Abusing the COM Registry Structure: CLSID, LocalServer32, & InprocServer32


  • Vendors are notorious for including and/or leaving behind Registry artifacts that could potentially be abused by attackers for lateral movement, evasion, bypass, and persistence.
  • CLSIDs subkeys (LocalServer32 and InprocServer32) can be enumerated to discover abandoned binary references.
  • Interestingly, CLSIDs can be called (‘invoked’) with this command:
    • rundll32.exe -sta {CLSID}
  • Defensive recommendations – clean up artifacts after removal (e.g. unregister), monitor for suspicious events (e.g. rundll32.exe usage), and implement strong Application Whitelisting (AWL) policies/rules.

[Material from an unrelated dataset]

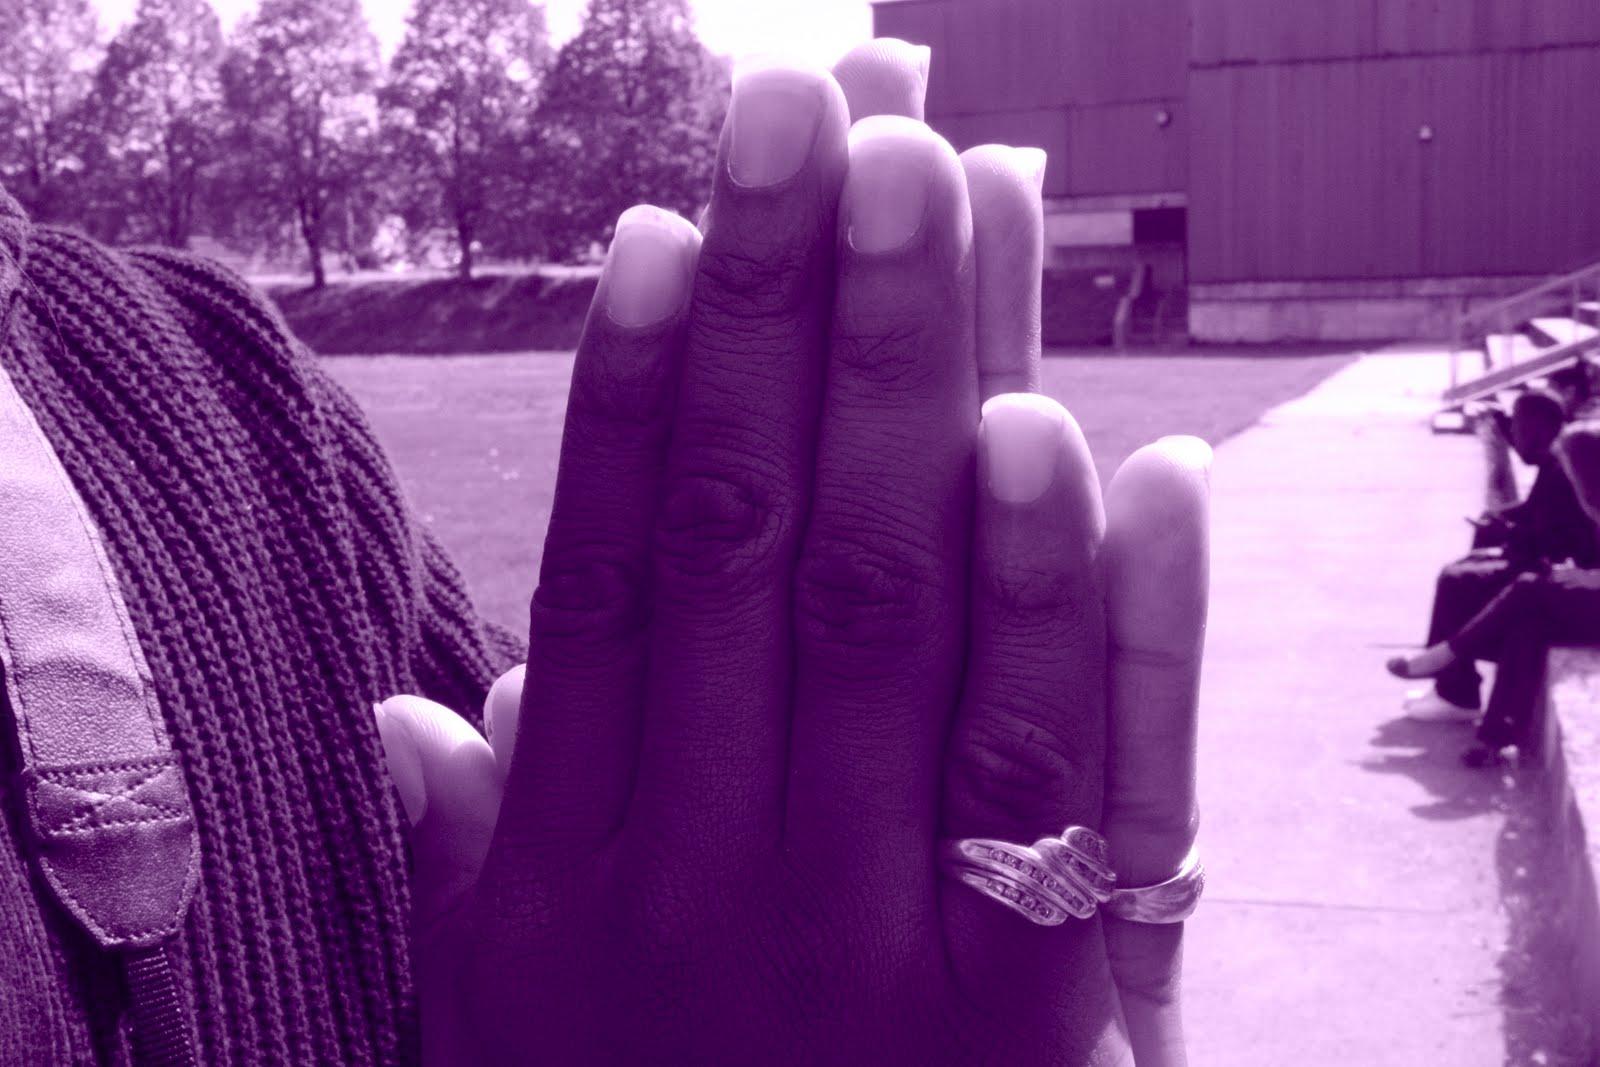 Takerras Photo The Color Purple Symbolism 5

Previously, I blogged about a DCOM lateral movement technique that took advantage of a missing file that was referenced in a registry Class Identifier (CLSID) subkey-value on Windows 2008/2012 hosts.  After seeing the impact of that technique, the entire notion of COM (Component Object Model) & key-value path hijacking became even more fascinating to me.  As such, I decided to revisit CSLIDs, LocalServer32, and InprocServer32 to (hopefully) uncover even more interesting findings.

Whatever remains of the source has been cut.